Dean looked at his brother, startled by his sudden exclamation.

"My wedding ring," The hunter sighed. He knew Sam would notice it sooner or later. He had just been hoping it would be later rather than sooner.

"Yeah, I can see that," Sam looked almost hurt. "Why didn't you tell me you got married?"

"Would you have answered my call?" Dean cut right through the bullshit. "Or would I have been leaving a message instead?" Sam felt somewhat guilty now. Of course Dean wouldn't have called to tell him he got married. It wasn't like the two of them had said goodbye on good terms.

"Sorry," He mumbled in quiet repentance. "Who's the lucky bride?" Sam already knew, at least he was pretty sure he did, but the young Winchester wanted to hear it from his brother directly.

"Rhiannon, of course," Dean nearly laughed as his gaze slid to the girl in the backseat through the review mirror. "Why else do you think I'm dragging her around?"

"I just can't believe it." Dean shrugged.

"There's more to it than just the marriage," Dean kept his voice low as not to wake her. "She was with dad and me for several months before our accidental marriage happened."

"How do you get accidentally married, Dean?" If he wasn't curious before, he sure as hell was now. "Does dad know you two got hitched?"

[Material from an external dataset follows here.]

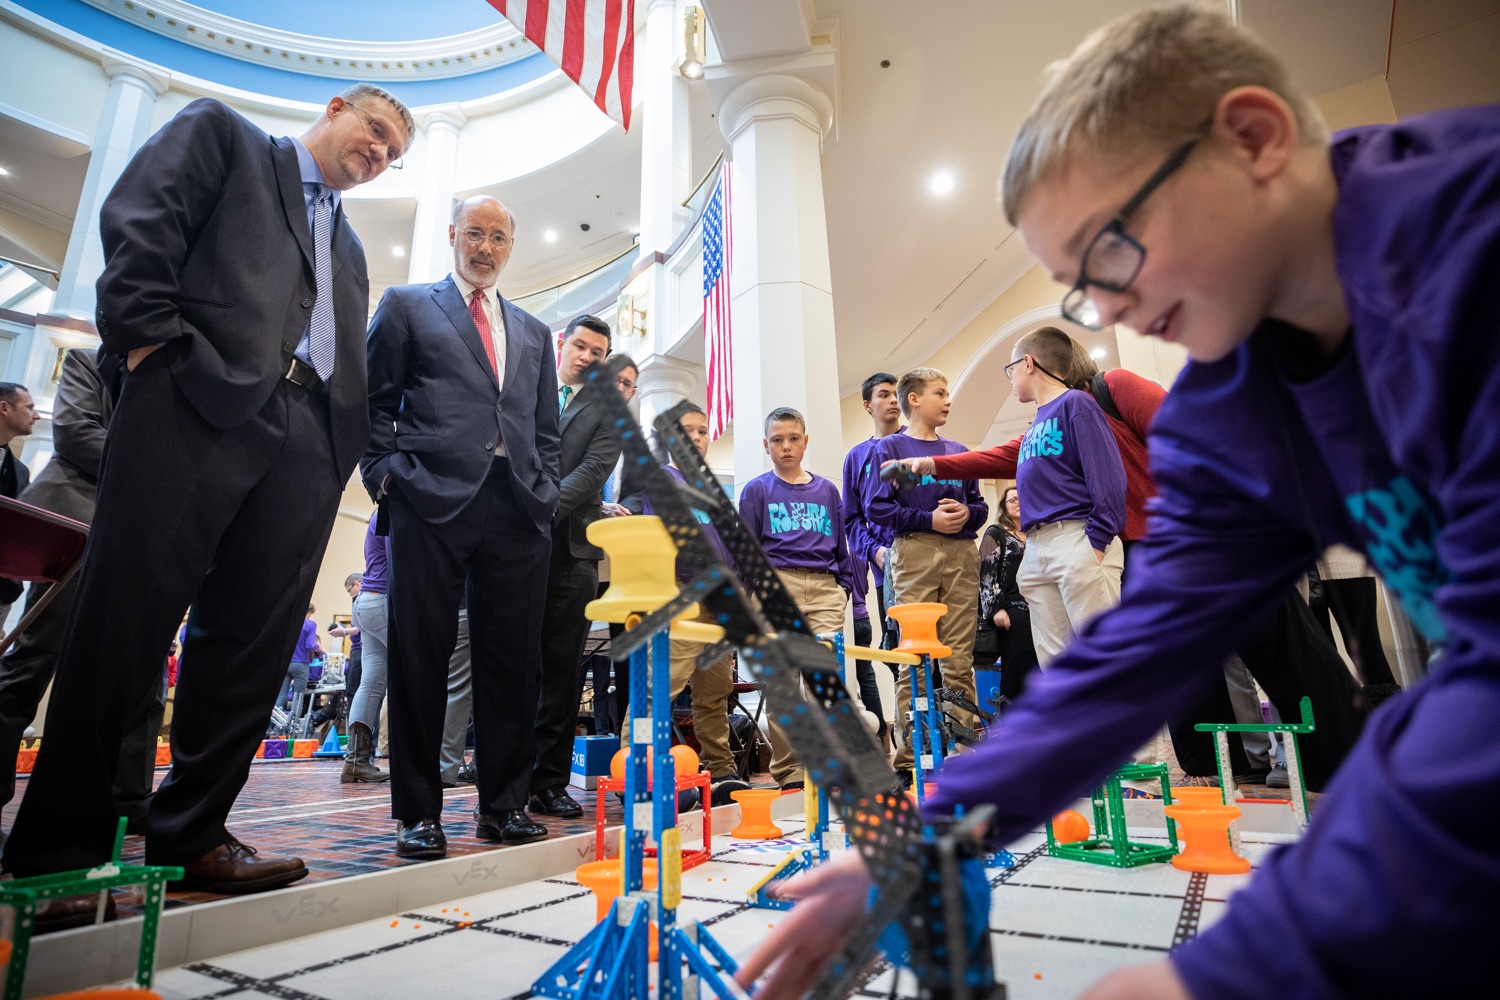 Pennsylvania Governor Tom Wolf meeting with students at the robotics demonstration.  Celebrating the success of the PAsmart workforce development program to create educational opportunities at schools across the commonwealth, Governor Tom Wolf welcomed more than 50 students from the Pennsylvania Rural Robotics Initiative to the Capitol today. The students from nine western Pennsylvania school districts showcased their skills in coding, robotics and drone technology. The Wolf administration awarded the initiative a $299,000 PAsmart Advancing Grant earlier this year. Harrisburg, PA  Tuesday, November 12, 2019<br><a href="https://filesource.amperwave.net/commonwealthofpa/photo/17587_gov_pasmart_rural_robotics_dz_004.jpg" target="_blank">⇣ Download Photo</a>
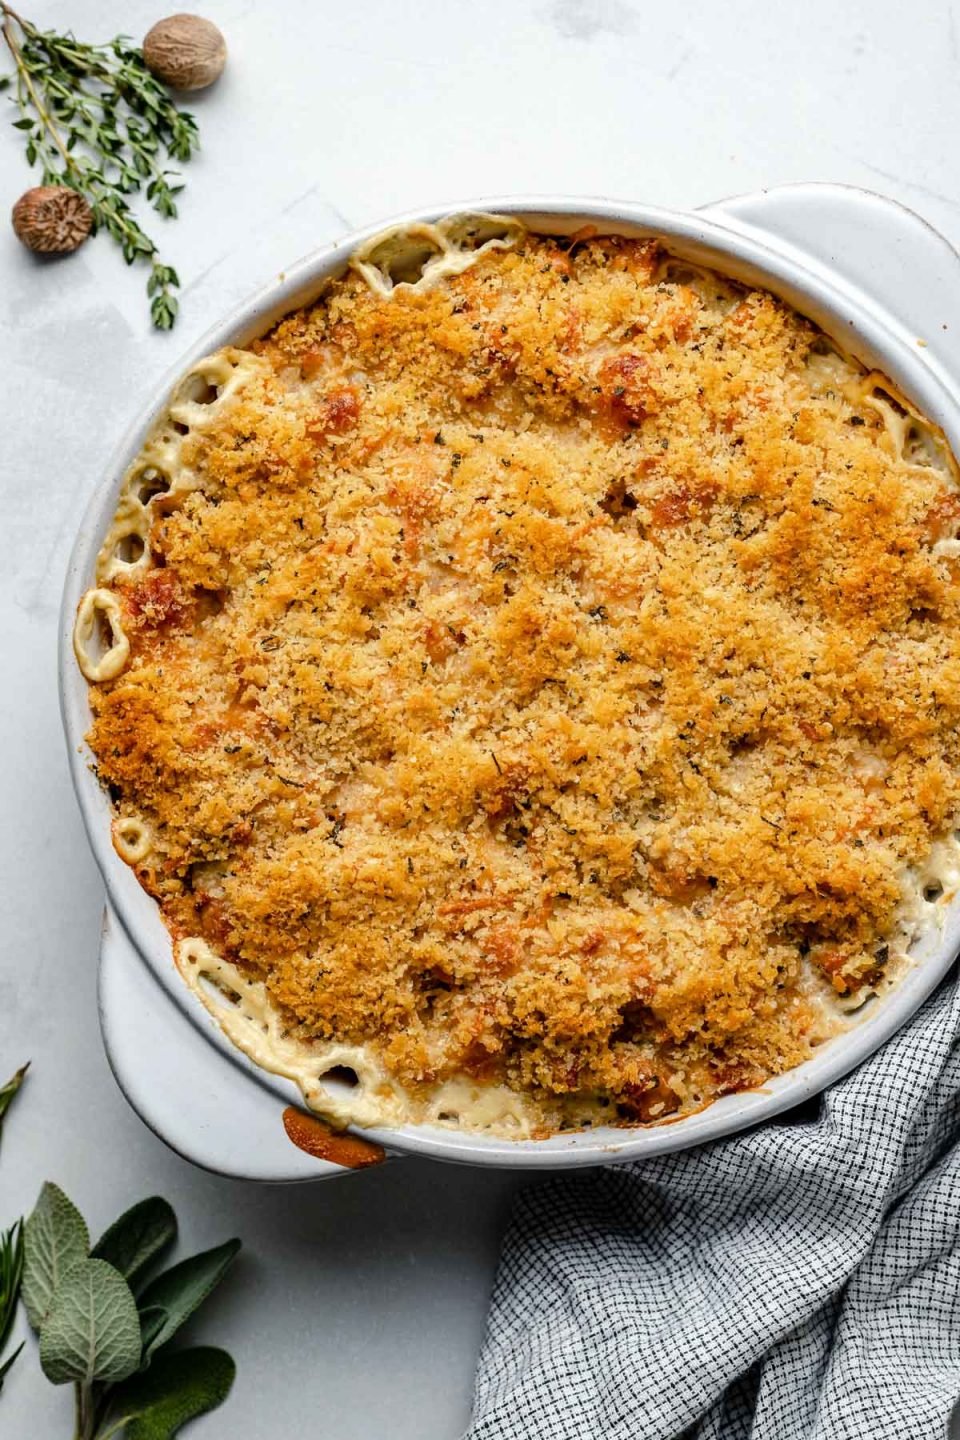 Baked butternut squash au gratin in a round baking dish. The baking dish sits atop a light blue surface, next to a checkered linen napkin, fresh herbs & whole nutmeg.

"Long story short, the shaman we ganked in New Orleans had a wife and she cast some kind of weird voodoo shit on us," Dean explained. "She can't be away from me for more than thirty minutes at a time. If she is, she starts having a really bad reaction. Pain and shit and the longer we are separated, the worse it gets for her. When we first found out about it, she was nearly seizing on the floor of our motel room. And no, Dad doesn't know. That's how we discovered he was missing."

The blond hunter launched into the tale about their hunt in New Orleans and how they ended up hitched. Sam couldn't believe it.

"How did she end up with you and dad?"

Dean tensed. He wasn't sure if he wanted to tell Sam that story just yet, so he opted for a white lie.

"Found her on the side of the road, disoriented," Dean tried his best to hide the grimace. "She couldn't remember anything about herself. Not her name or where she was from. Dad decided to keep her around."

Sam could tell his brother wasn't telling him the whole truth, but he let it go for now. He didn't want to stress the small bond that was beginning to form again after so many years apart. But there was no doubt in his mind that he would find out why his father was so interested in the petite redhead sleeping away in the backseat.

John Winchester never kept anything that didn't have a purpose.